Technology

Predictive Tagging: It’s A Process, Not A Panacea

The staggering volume of electronically stored information (ESI) that companies retain today often renders it nearly impossible to manually review all data under tight discovery deadlines. The costs of reviewing each document in a collection of millions can also become prohibitive of proceeding in litigation. To control the costs of managing ESI and to mitigate the risks of potential discovery sanctions, parties are increasingly turning to technology.

Parties regularly rely upon keyword searches to reduce the universe of potentially responsive ESI. And though this tool has long been considered – along with manual review – to represent the gold standard of discovery, researchers have been steadily chipping away at its effectiveness.
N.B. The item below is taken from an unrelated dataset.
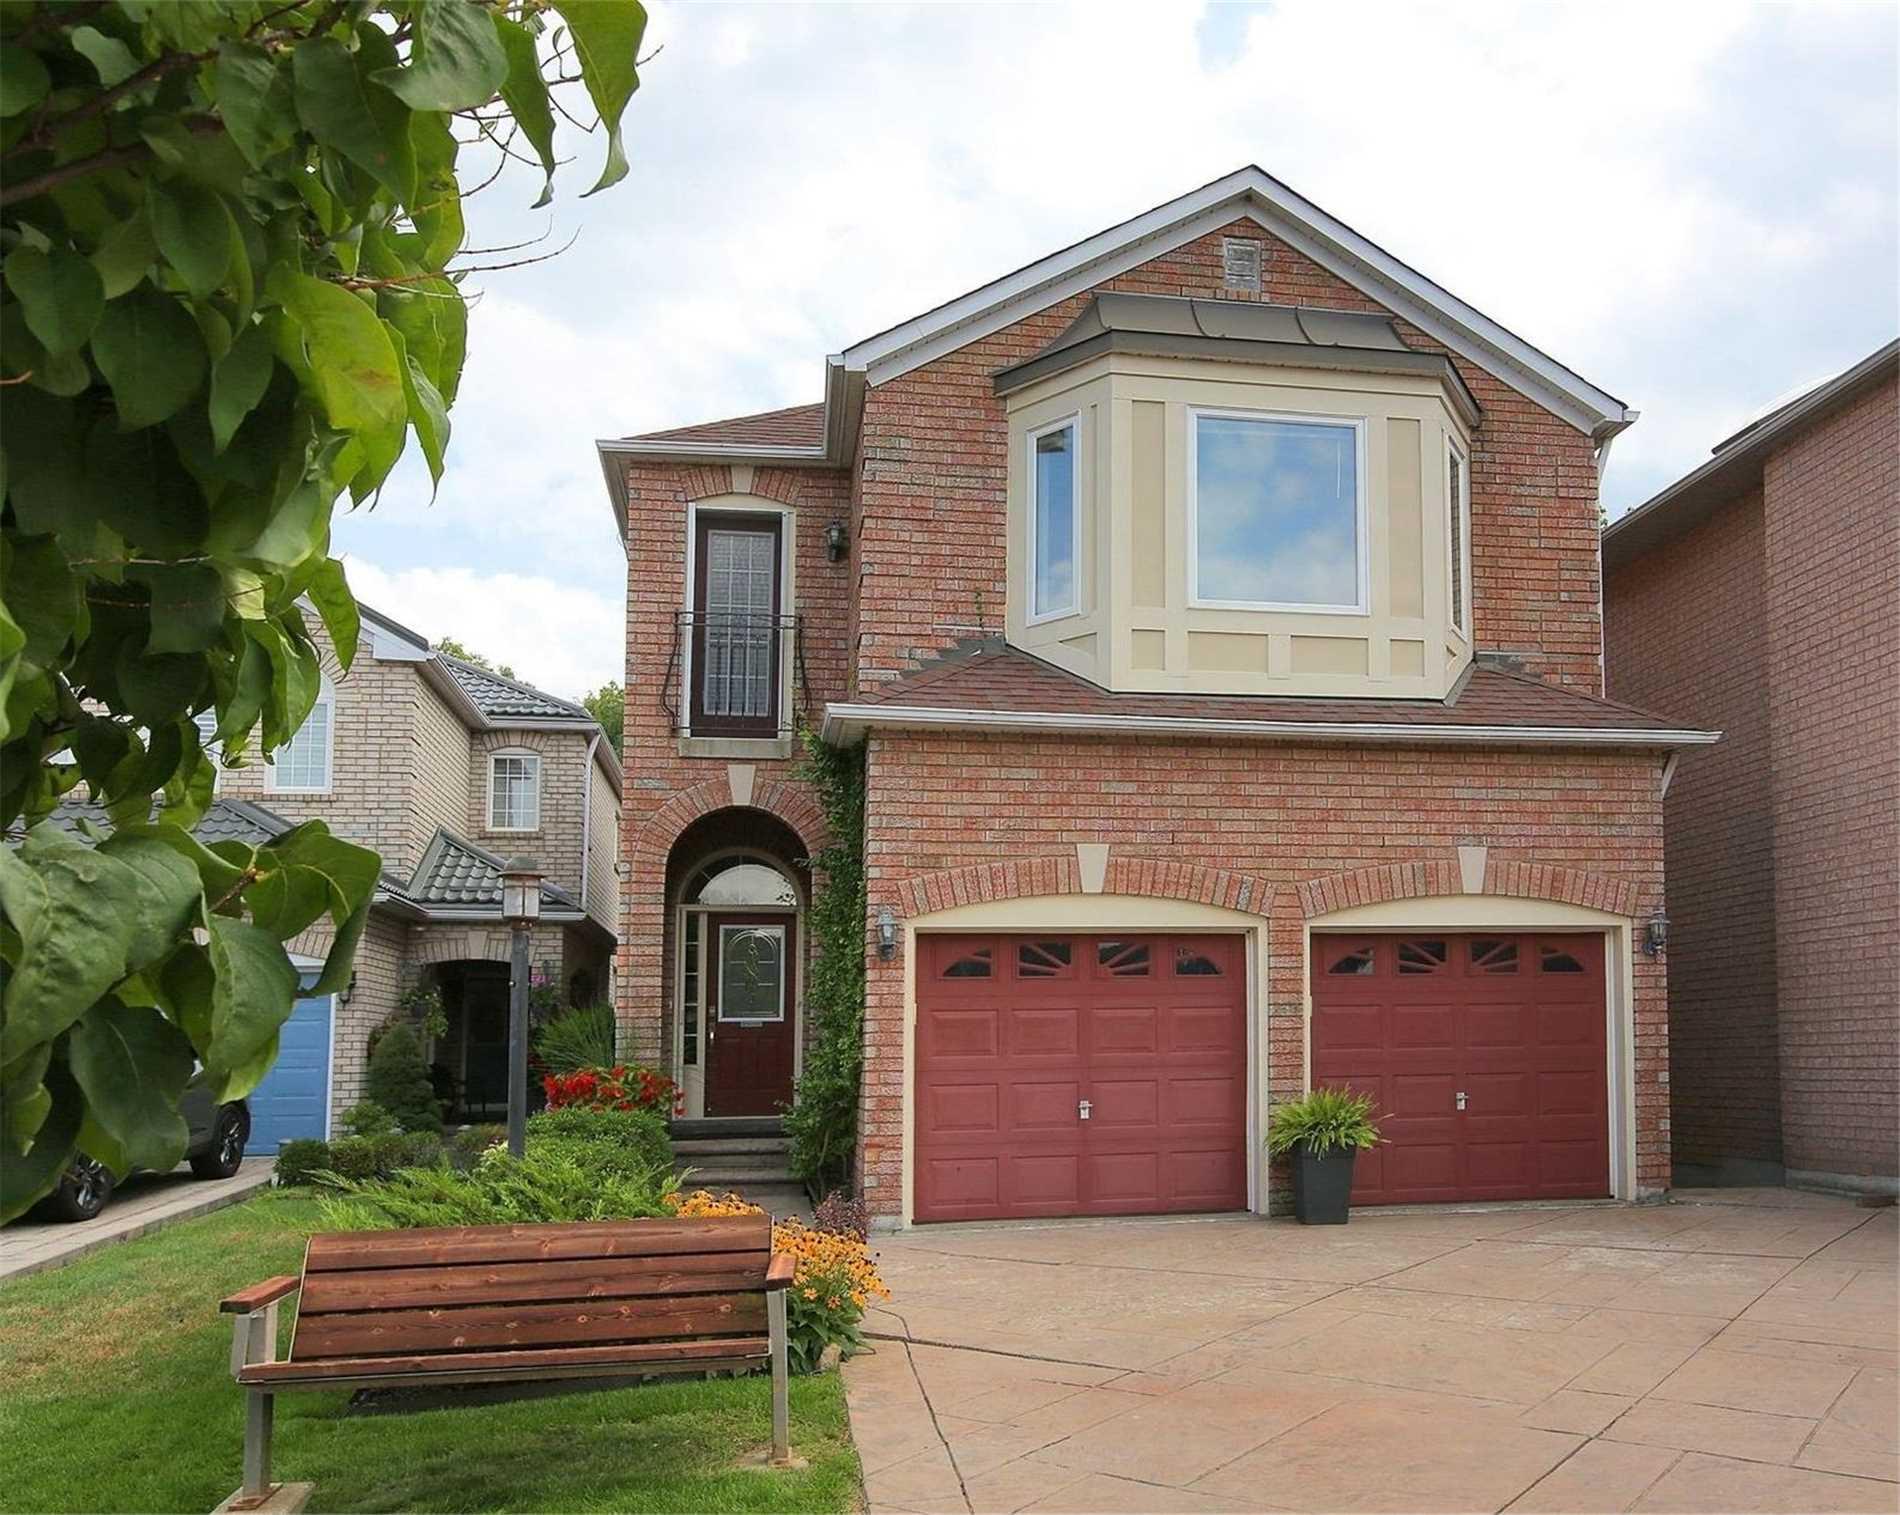 67 Moreau Tr, Toronto, Ontario M1L4V2, 4 Bedrooms Bedrooms, 9 Rooms Rooms,4 BathroomsBathrooms,Detached,For Sale,Moreau,E5378856

In 1985, a study revealed that although lawyers estimated retrieving 75 percent of relevant documents by using Boolean keyword searches in a case involving 40,000 documents consisting of 350,000 pages, they had in fact found only 20 percent of the relevant documents.[1]

Even more advanced review technology – predictive tagging (also called computer-assisted review, technology-assisted review, and predictive coding) has recently received a lot of attention – particularly since U.S. Magistrate Judge Andrew J. Peck’s decision in Da Silva Moore v. Publicis Groupe, No. 11 Civ. 1279 (ALC) (AJP), 2012 U.S. Dist. LEXIS 23350 (S.D.N.Y. Feb. 24, 2012), the first decision approving the use of computer-assisted review to search for relevant ESI.

Before Da Silva Moore, some lawyers were hesitant to use computer-assisted review since they were wary of testing the waters. Now, Judge Peck’s opinion offers counsel the following reassurance: “computer-assisted review is an available tool and should be seriously considered for use in large-data-volume cases where it may save the producing party (or both parties) significant amounts of legal fees in document review.”

Though it now has a judicial seal of approval, this technology is not a magic bullet. Even Judge Peck noted that it is not a “Staples-Easy-Button solution appropriate for all cases.” Rather, predictive tagging is best used as a complement to other forms of review – including human review – to speed the review process.

How The Predictive Tagging Process Works

In essence, predictive tagging applies statistical analysis across a large data set. The process begins with an experienced lawyer or a small team of lawyers coding a sample set from the pool of documents for responsiveness during the initial assessment process. The technology engine then analyzes those tagging decisions along with the documents’ content characteristics.

In the next phase, called interactive ranking, the algorithm generates a new, smaller sample set of documents, and an experienced lawyer reviews the documents for responsiveness. The algorithm studies this tagging and learns from the reviewer’s decisions; the algorithm then generates another small sample of documents. This refinement process repeats until the algorithm becomes stable for each issue. Stabilization typically requires a review of between 1,000 and 2,000 documents.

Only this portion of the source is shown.